### [About this task]
Transcribe each line below verbatim; pictures excluded.

### [The data]

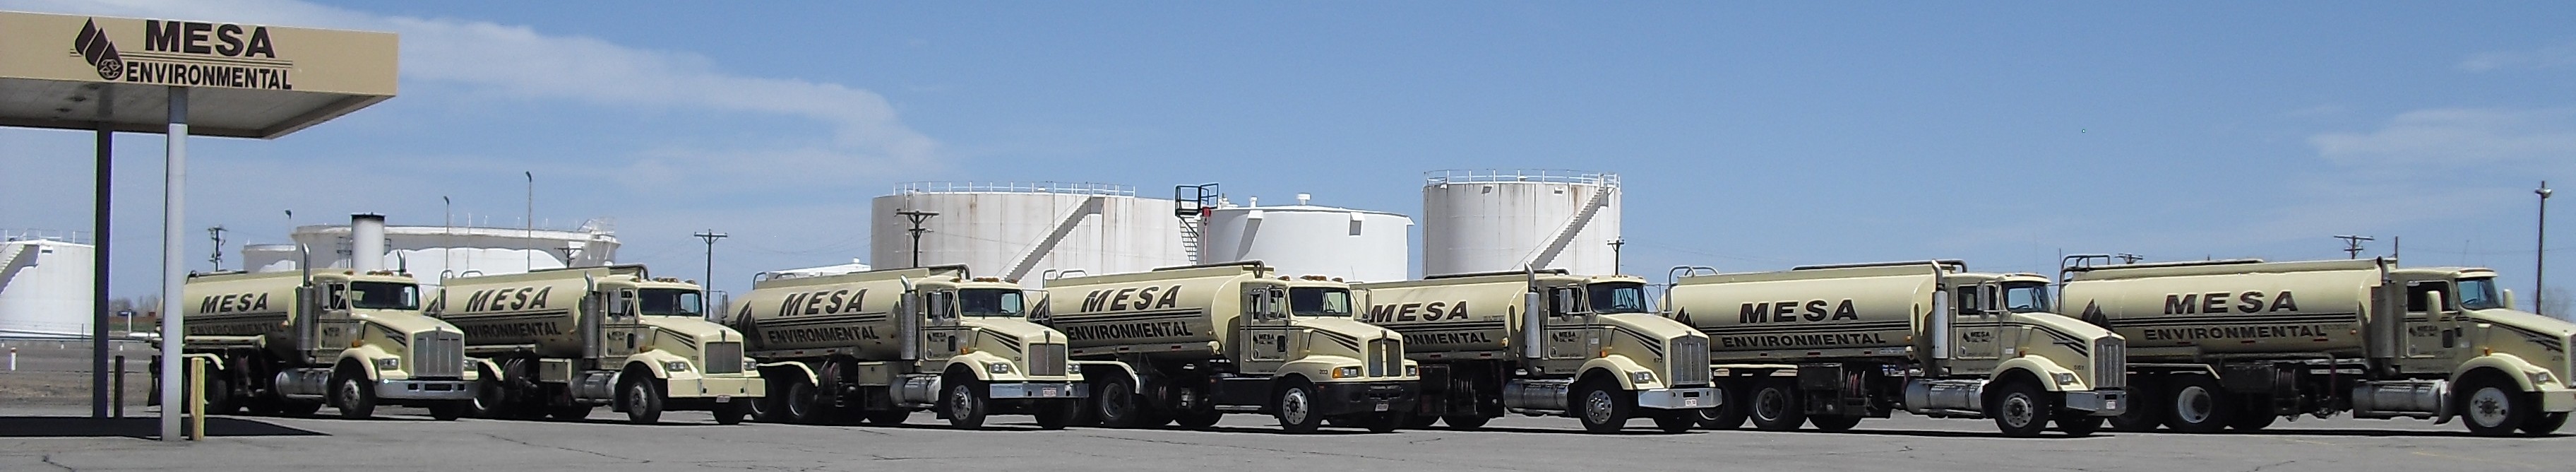 Mesa-Oil-Trucks (1)
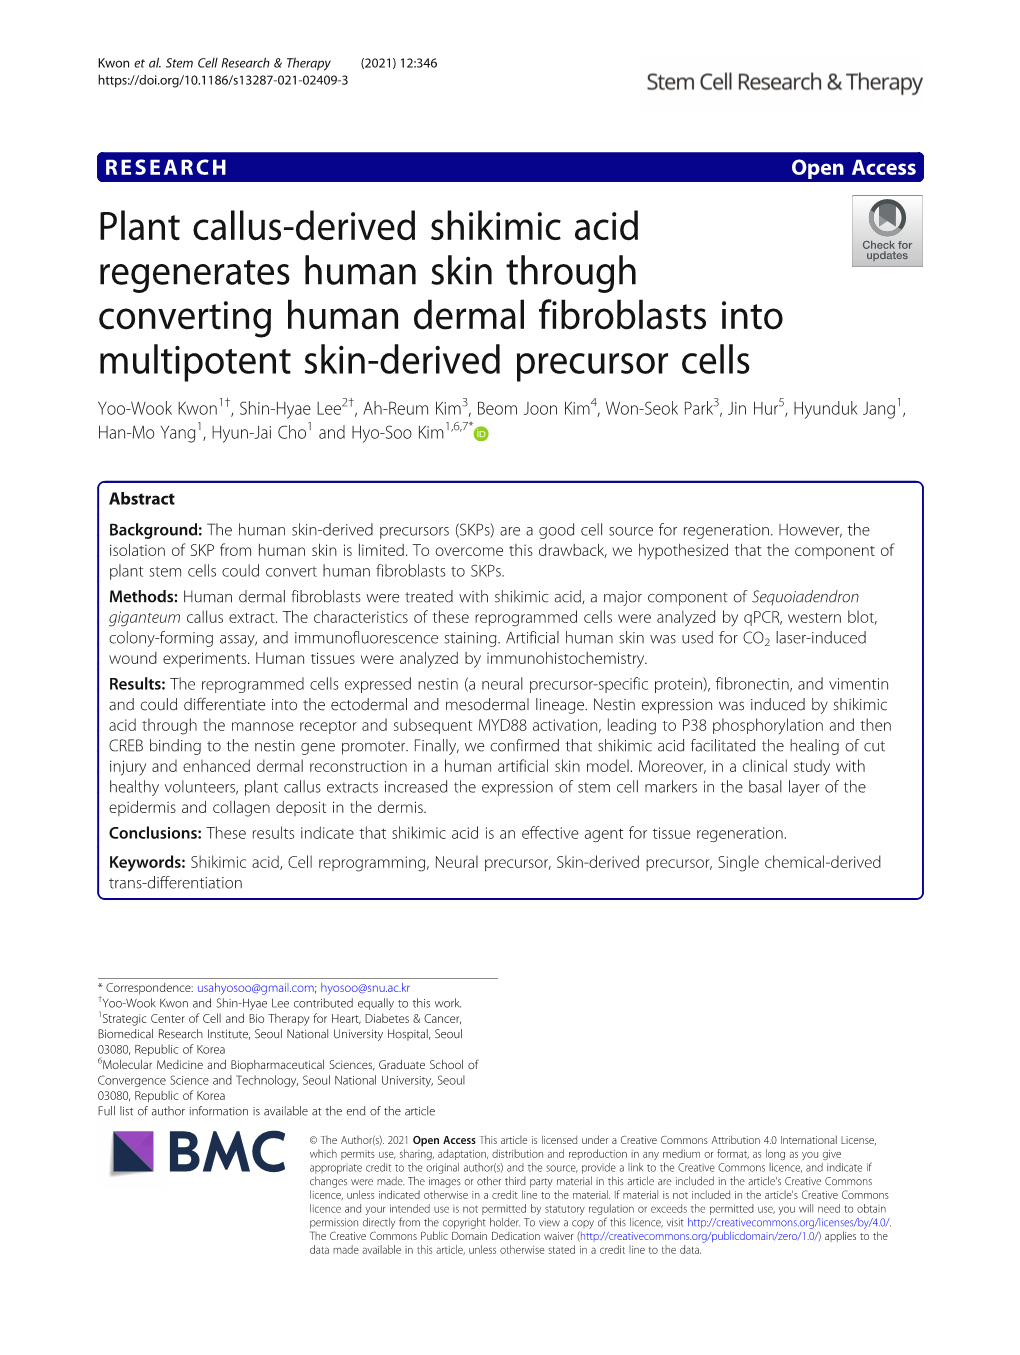 Plant Callus-Derived Shikimic Acid Regenerates Human Skin Through Converting Human Dermal Fibroblasts Into Multipotent Skin-Deri
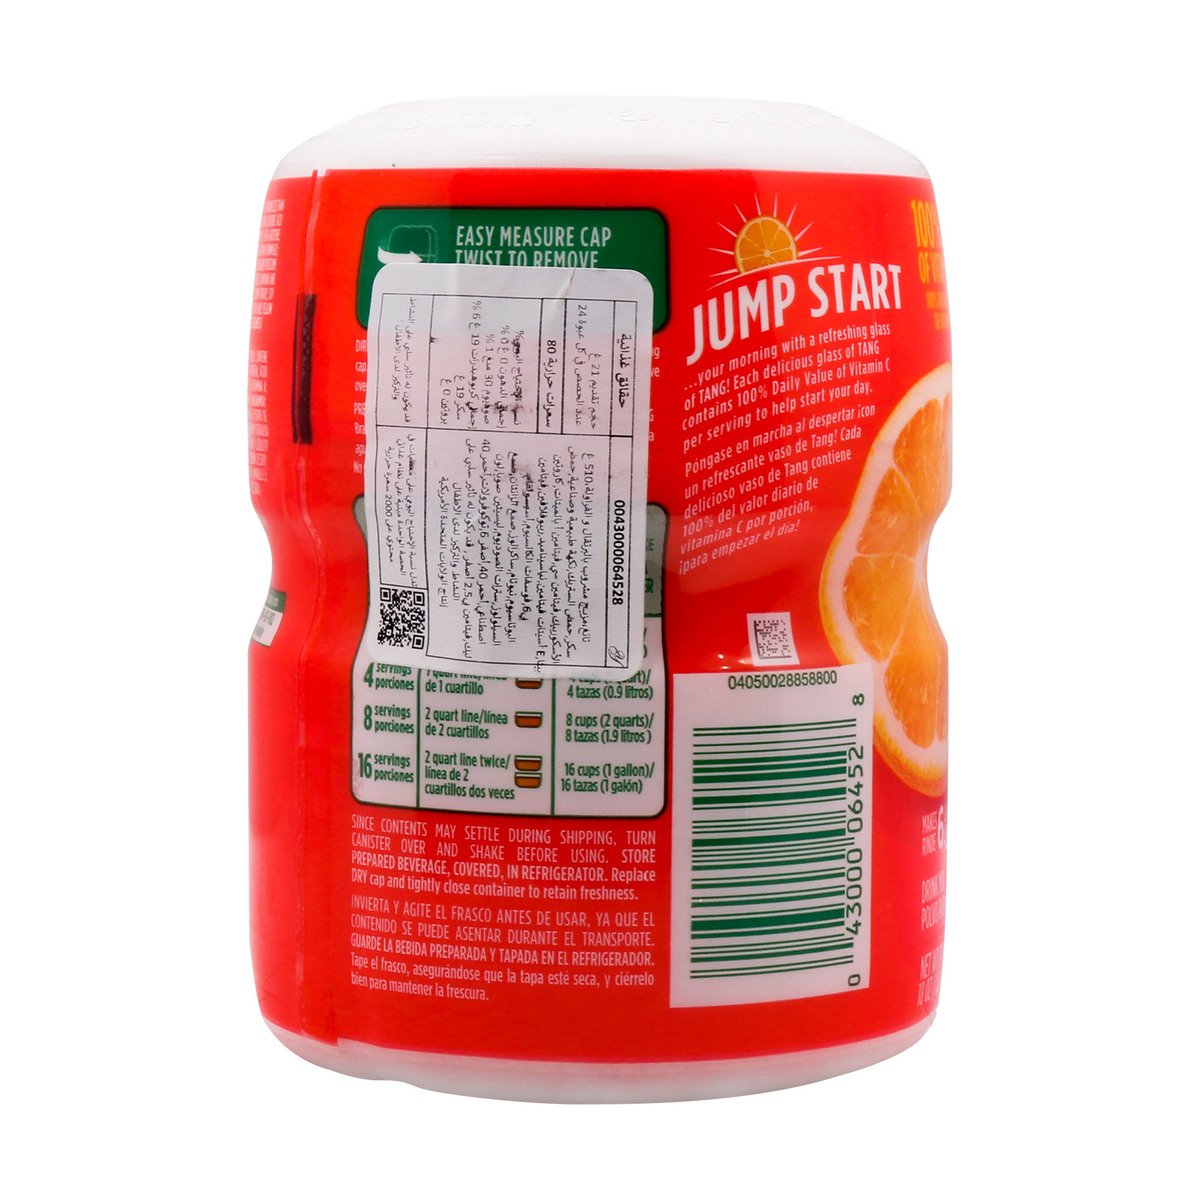 Tang Orange Strawberry Instant Powdered Drink 510 g

### [Solution to this task]
 Mesa-Oil-Trucks (1)
 Plant Callus-Derived Shikimic Acid Regenerates Human Skin Through Converting Human Dermal Fibroblasts Into Multipotent Skin-Deri
 Tang Orange Strawberry Instant Powdered Drink 510 g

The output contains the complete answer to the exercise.